AS Britain announces its roadmap out of lockdown, vaccine certificates have once again come into the spotlight.

British Prime Minister Boris Johnson said there would be a review into the issue although he added some form of vaccine passport would be “going to come on the international stage whatever” for foreign travel.  

Governments and developers around the world are exploring how certificates and passports could help to reopen economies by identifying those protected against COVID-19.

Proponents say identifying people who are immune to the novel coronavirus or at lower risk of spreading it could help open up travel and other services. But, critics have raised concerns over privacy, health and discrimination.

As more technology firms develop digital certificates that can be accessed on smartphones by employers, airlines and others, here is all you need to know about health passports.

WHAT ARE HEALTH PASSPORTS?

The term health passport, or health pass, generally refers to documents – in paper or digital format – that certify a person is unlikely to either catch or spread a disease.

With the novel coronavirus, the proposed certificates would attest one of three things: that the holder has been vaccinated, has tested negative for the virus or has recovered from it.

Their use could allow governments to lift some pandemic-induced restrictions, allowing people to travel in planes, attend concerts, go to work or dine out, supporters say.

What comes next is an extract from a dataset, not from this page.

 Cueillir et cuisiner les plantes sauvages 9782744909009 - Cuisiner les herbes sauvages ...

“We’ve tried many different solutions to properly and safely reopen hospitality, sport venues and other things that are very important, not just for our economy, but also for mental wellbeing of people,” said Ryan Wain, an advisor at the Tony Blair Institute for Global Change, a British think tank.

“And really, the only way that we can properly get those open is knowing that people entering those venues don’t have COVID,” he told the Thomson Reuters Foundation in a phone interview.

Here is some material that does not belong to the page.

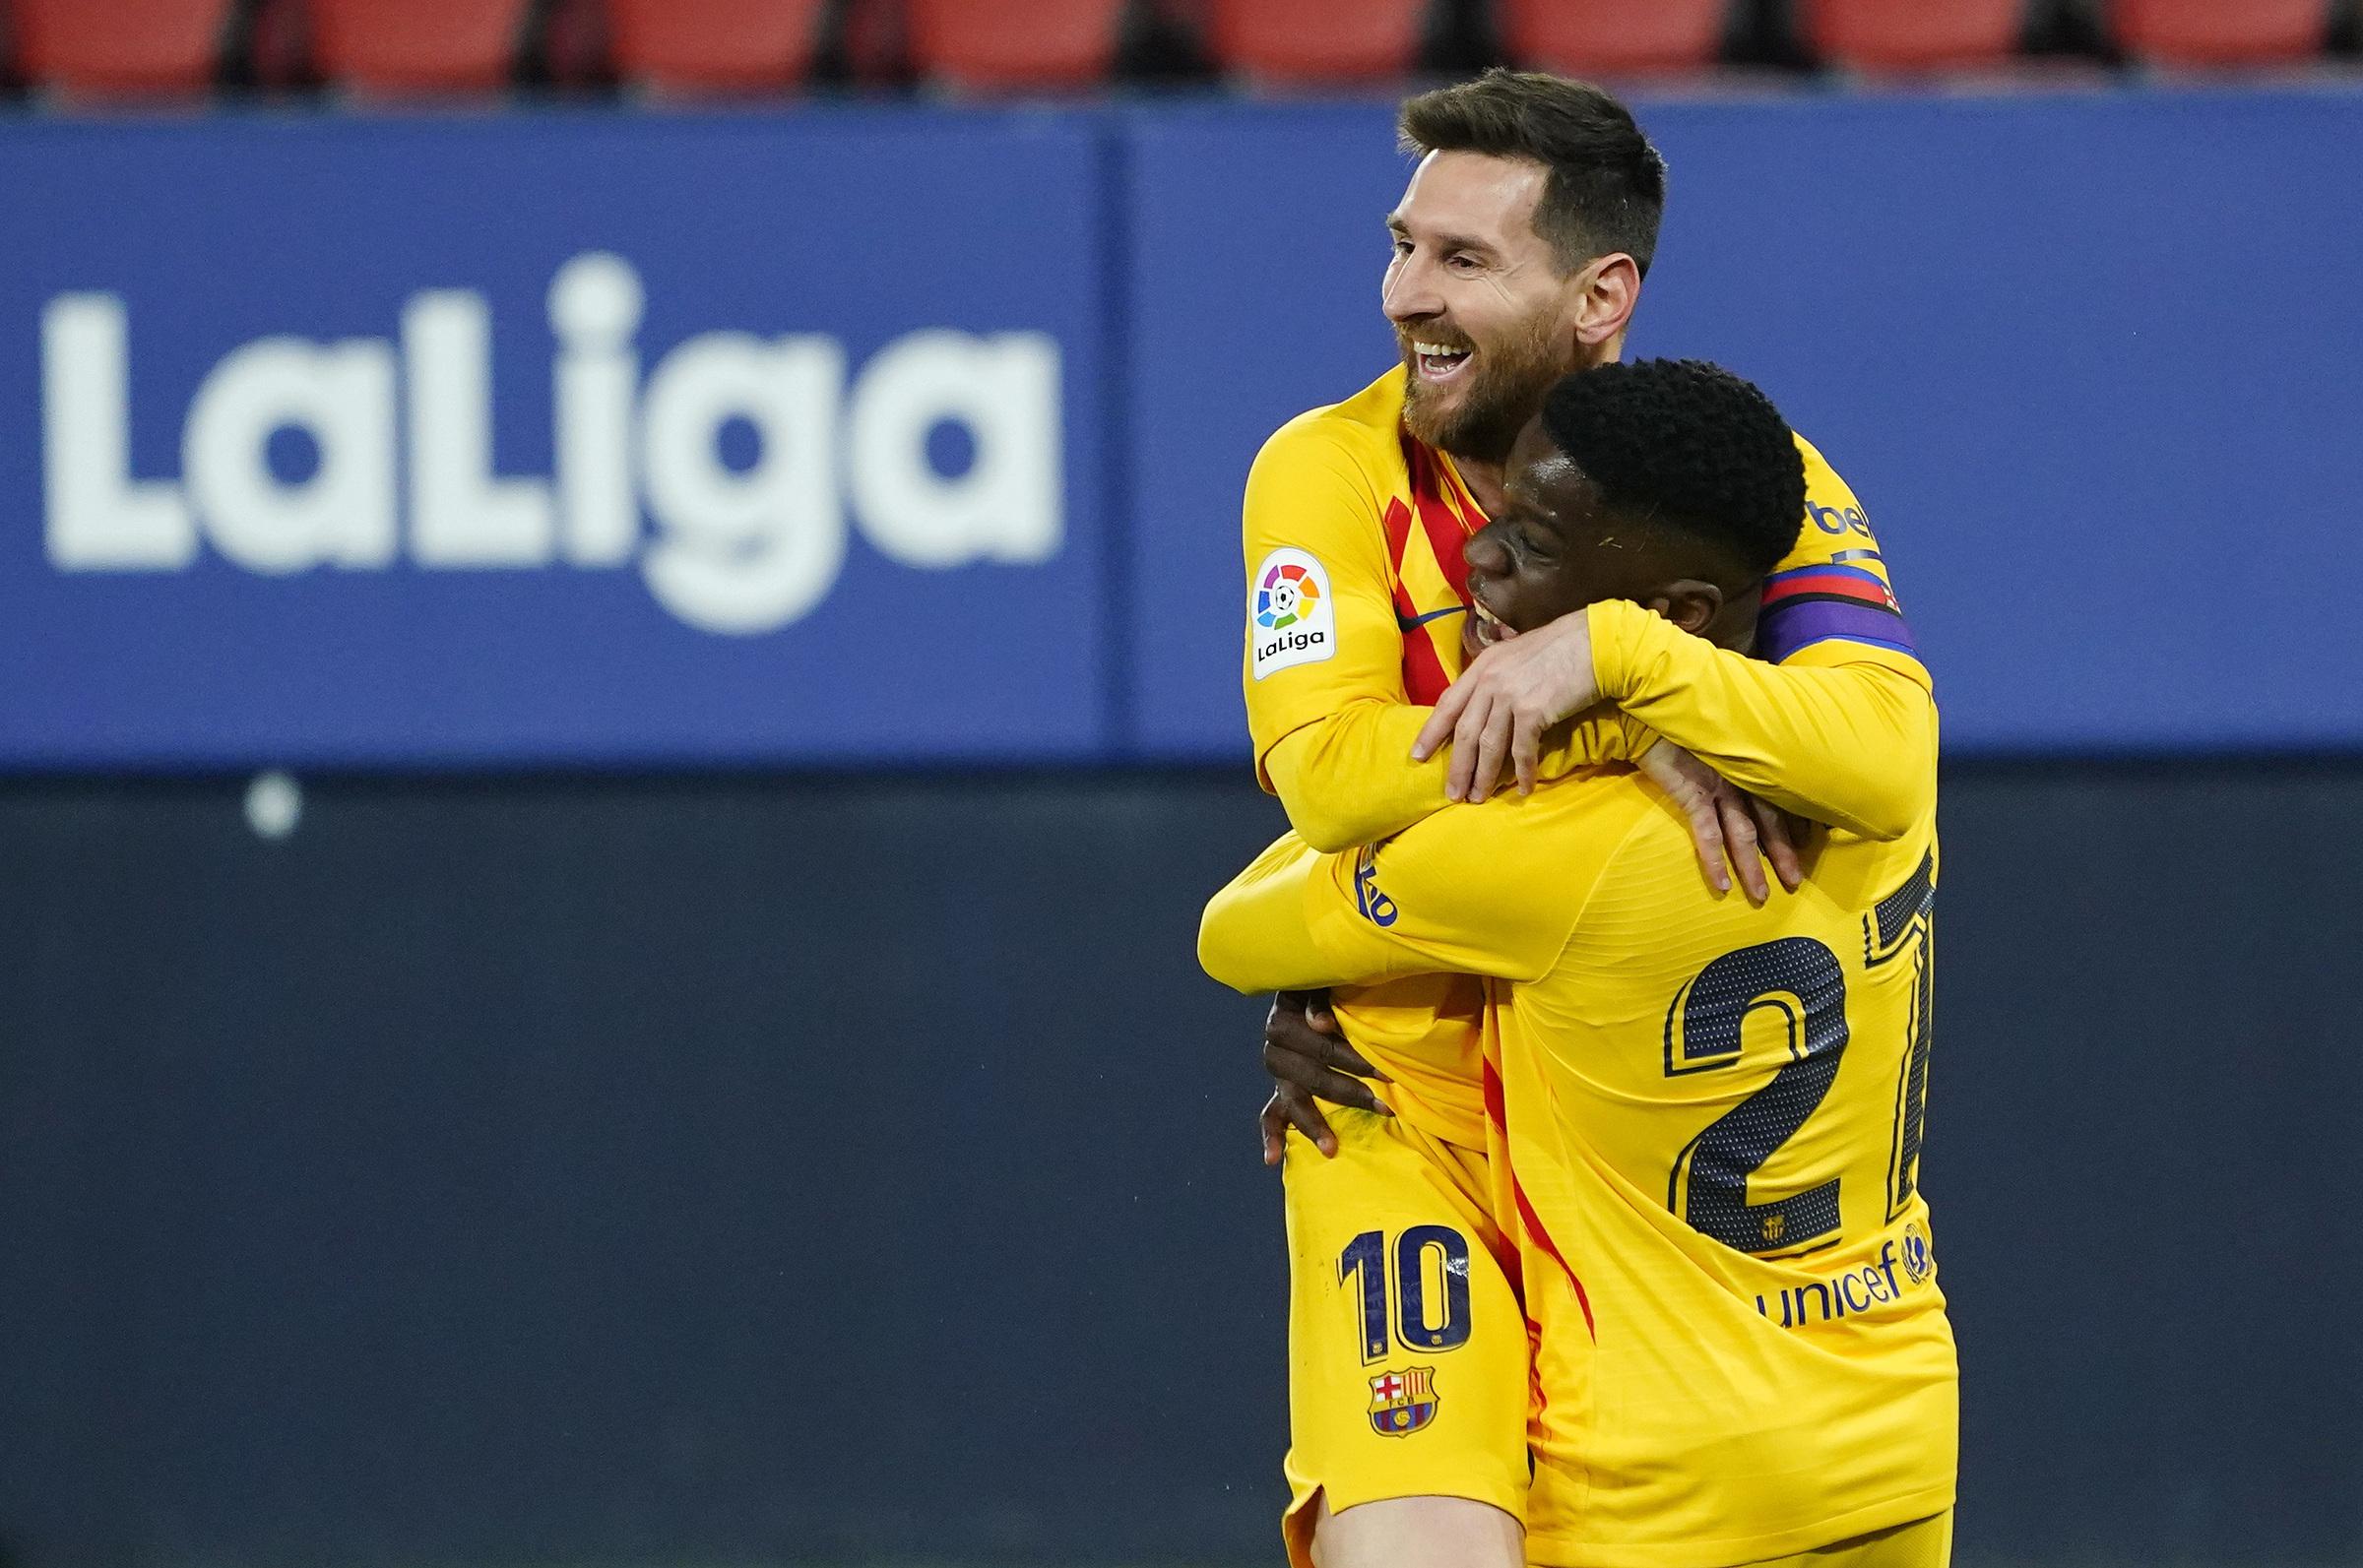 Gia hạn Messi đang là bài toán khó cho Barca khi chiếu theo quy định về quỹ lương ở La Liga. Ảnh: Reuters

WHERE ARE THEY BEING USED?

Different health passes have been trialled by governments and firms around the world in recent months.

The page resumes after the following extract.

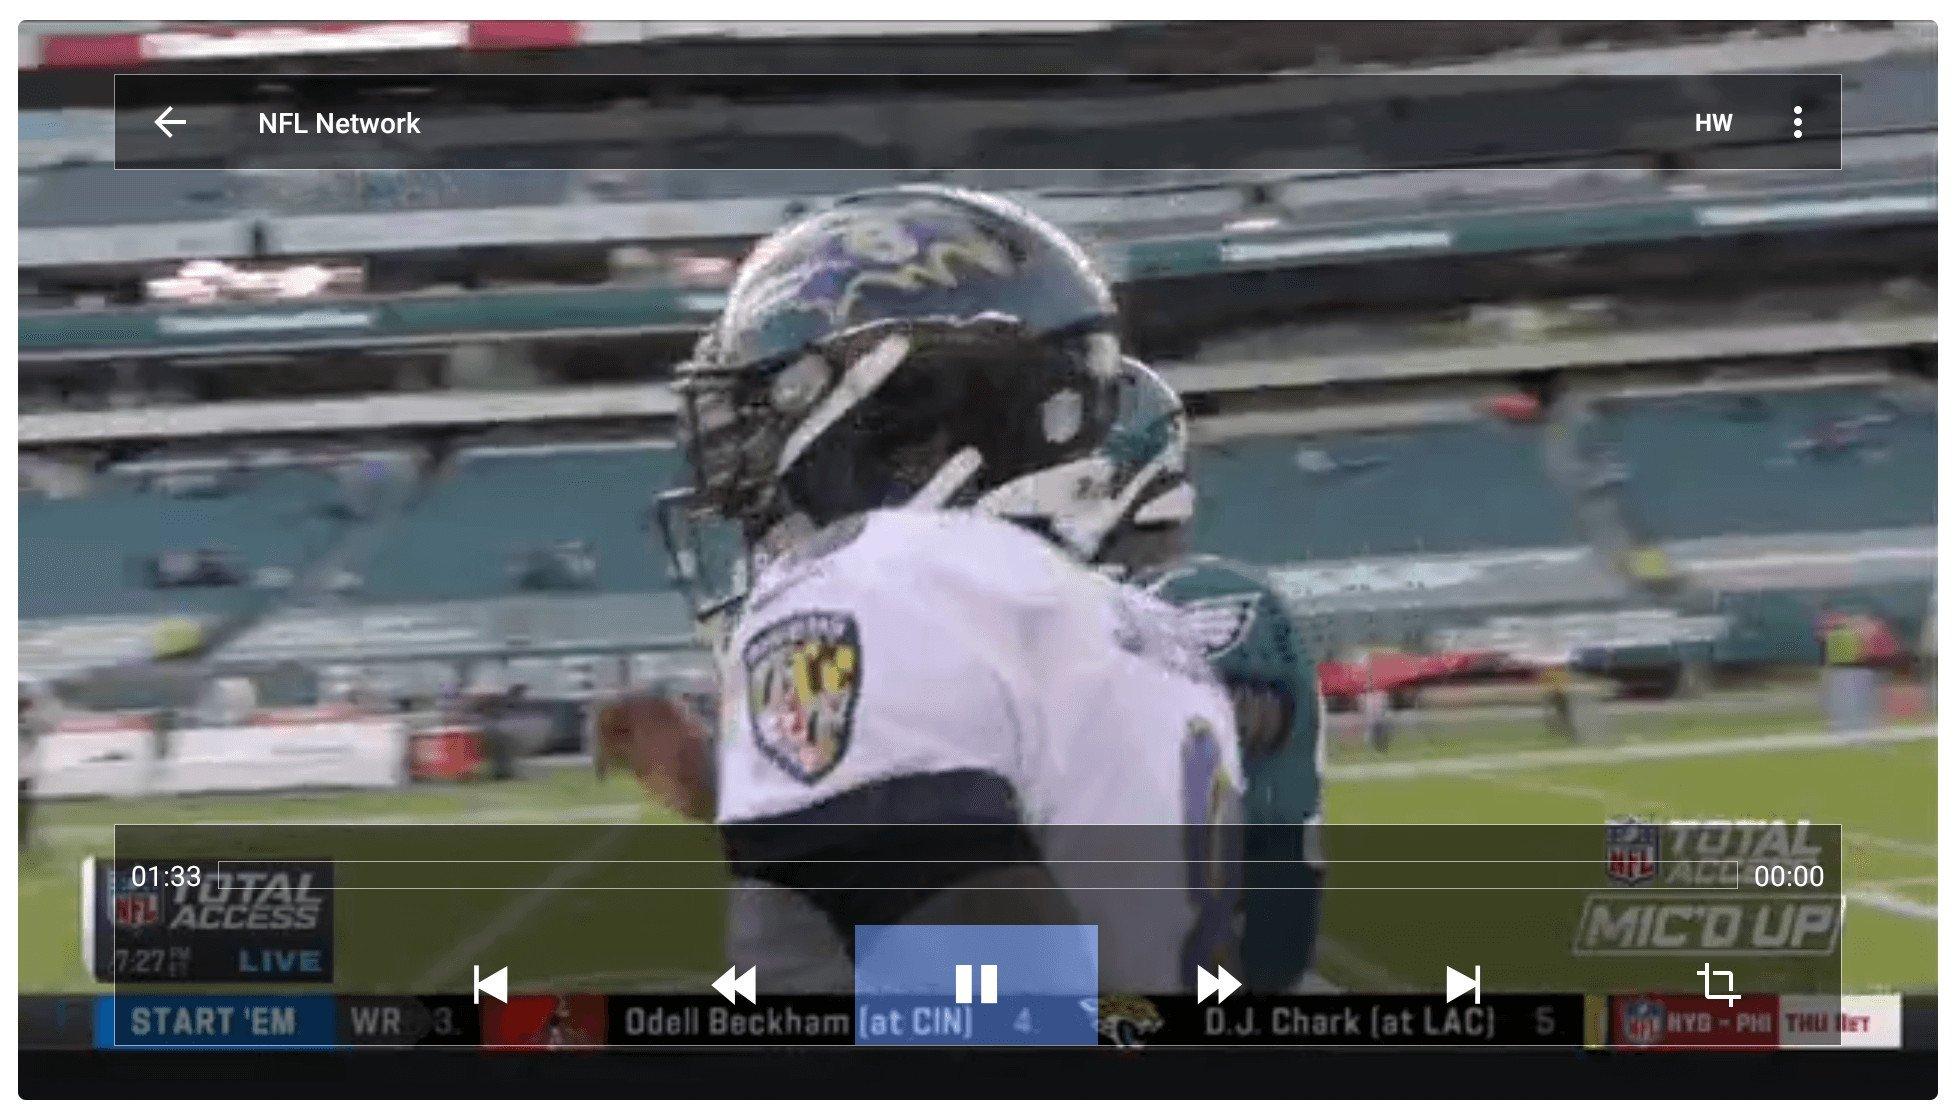 Fire-TV-Sstick-NFL

Tech giants including Microsoft Corp , Oracle Corp and healthcare companies Cigna Corp and Mayo Clinic in January become part of a coalition pushing for digital records of people who get vaccinated against COVID-19.

The project, called Vaccination Credential Initiative, aims to help people get encrypted digital copies of their immunization records stored in a digital wallet of their choice.

Bahrain launched a digital COVID-19 vaccine passport in February, one of the first countries to do so.

Denmark has said it would launch an initial version of a coronavirus vaccination passport by the end of February, while Sweden plans to launch a vaccine passport by summer.

Last October, Estonia and the World Health Organization started a pilot for a digital vaccine certificate.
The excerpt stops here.